Over the years I’ve definitely stepped up my game when it comes to self-portraits, so today I thought I would share my tips and tricks. I’ve written this as a beginner’s guide as it’s mainly for those who want to quickly learn how to take a good photo for their blog/social media. So, let’s get right into it…
All of the gear…
Ok, so before we even get into taking good photos, we should probably talk about the equipment that you’ll need to take good self-portraits. You can make do with propping your camera up on various surfaces, but I personally find that quite limited, so here’s what I use:
Camera – Canon 600D (affiliate link)
Tripod – Ablott Camera Tripod (affiliate link)
Remote – Amazon Basics Wireless Remote (affiliate link)
I would say that in order to take good quality self-portraits, a good camera, tripod and remote are essential.
Angles and height
Now that we’ve got our gear, it’s time to talk about height and angles – I find these are key to taking a great photo! It may seem obvious, but make sure you’re checking in the viewfinder to ensure everything you want in shot is.

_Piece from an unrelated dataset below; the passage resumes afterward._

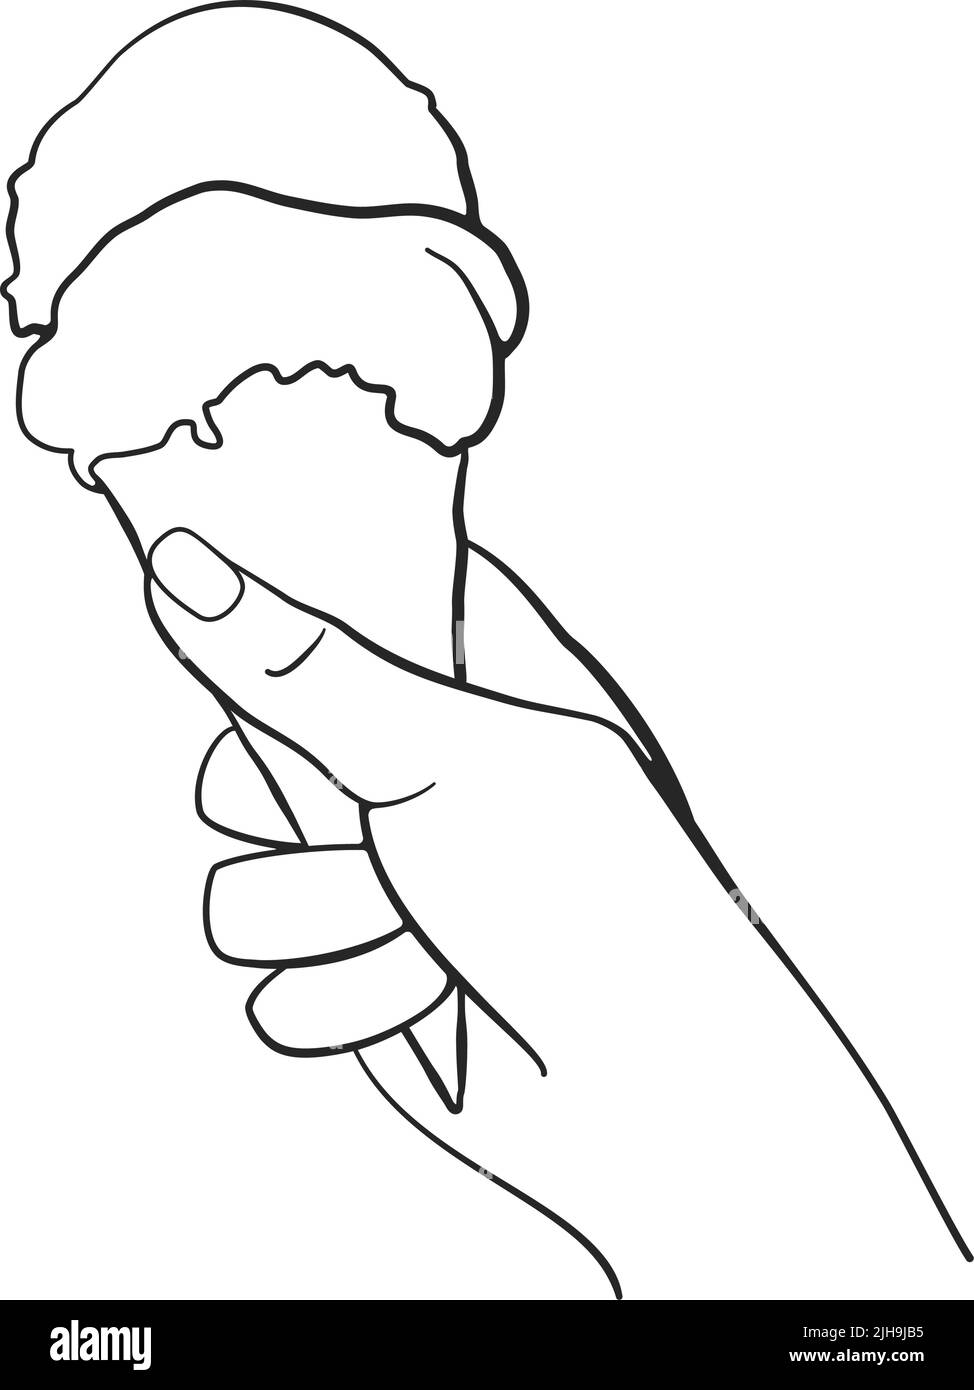 Gelati icecream cone held up to the summer sky as a line illustration vector Stock Vector

I have a flip out screen, which means that while I shoot I can quickly tell if I’m getting the pictures I want. If your screen doesn’t flip out, I would recommend taking a few test shots, checking them, and then adjusting the height and angle of your camera accordingly. Taking a wider frame photo is always the best way to ensure you get a photo you will like – if it’s too wide you can crop it in easily!
Be experimental with your angles and height, sometimes shooting from a lower angle can make a picture 1000% better, sometimes shooting at a slight degree, instead of straight on, can also make a photo more interesting.
Hiding the remote
In some photos, like the one above, this won’t be an issue as the crop doesn’t include the hand I’m holding the remote in. BUT, if (like me) you like to take lifestyle photos that include your whole body, hiding the remote can be tricky!

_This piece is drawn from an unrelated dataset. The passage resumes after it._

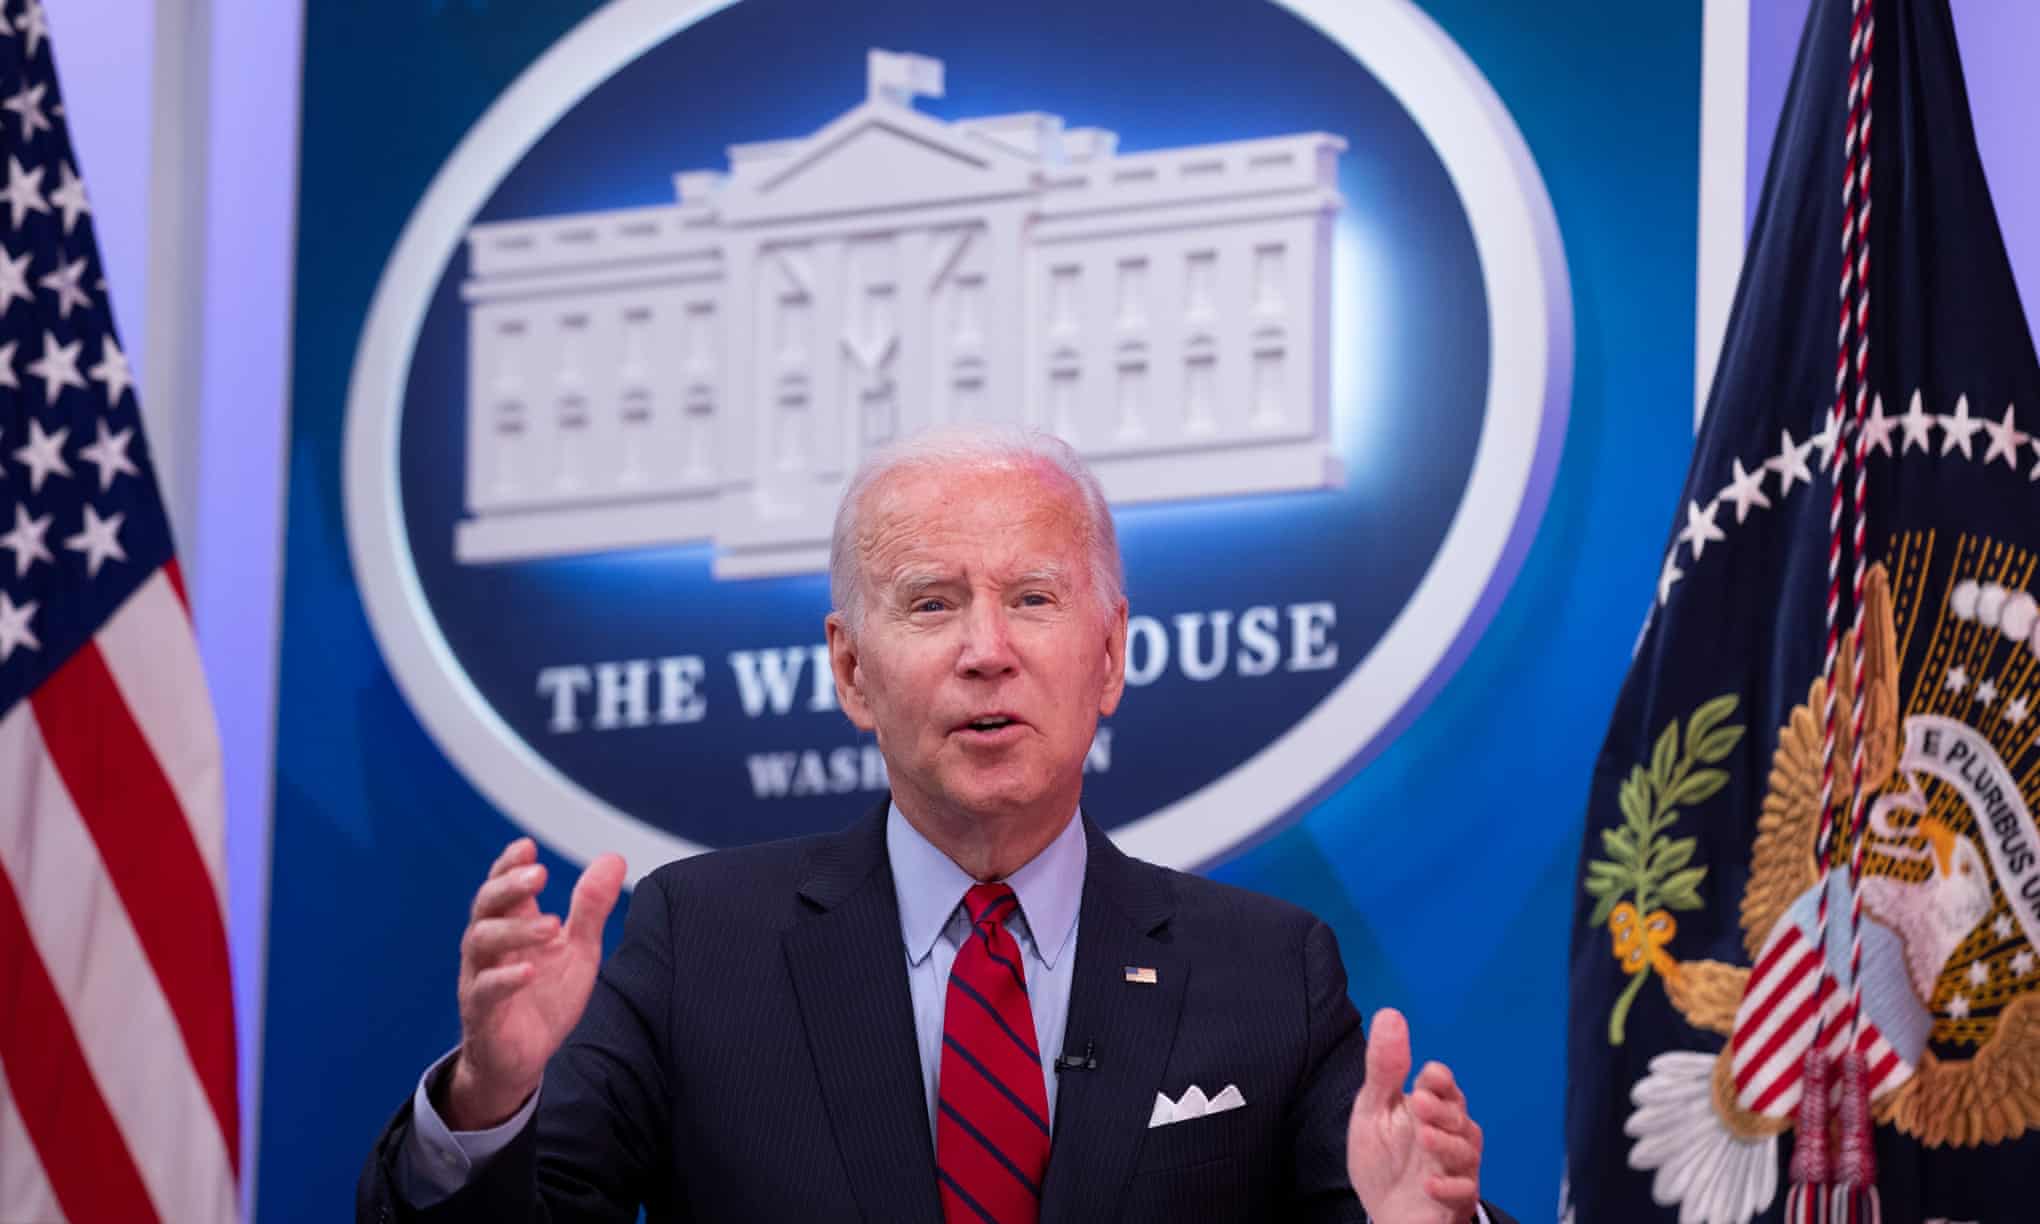 Biden urged to do more to defend abortion rights: ‘This is a five-alarm fire’ (theguardian.com)

I have a couple of tricks for this – place your hand flat on your arm/leg/chest to hide the remote or place it behind you after triggering the shutter!
For example, in this photo the remote is in my left hand, and as I’m holding my rode with the same hand it is cleverly hidden! If I was taking a photo sat on my bed with my breakfast tray (as I often do) I would hide the remote under my leg or just behind me (my timer gives me three seconds to hide the remote and then pose!) before the shutter goes off.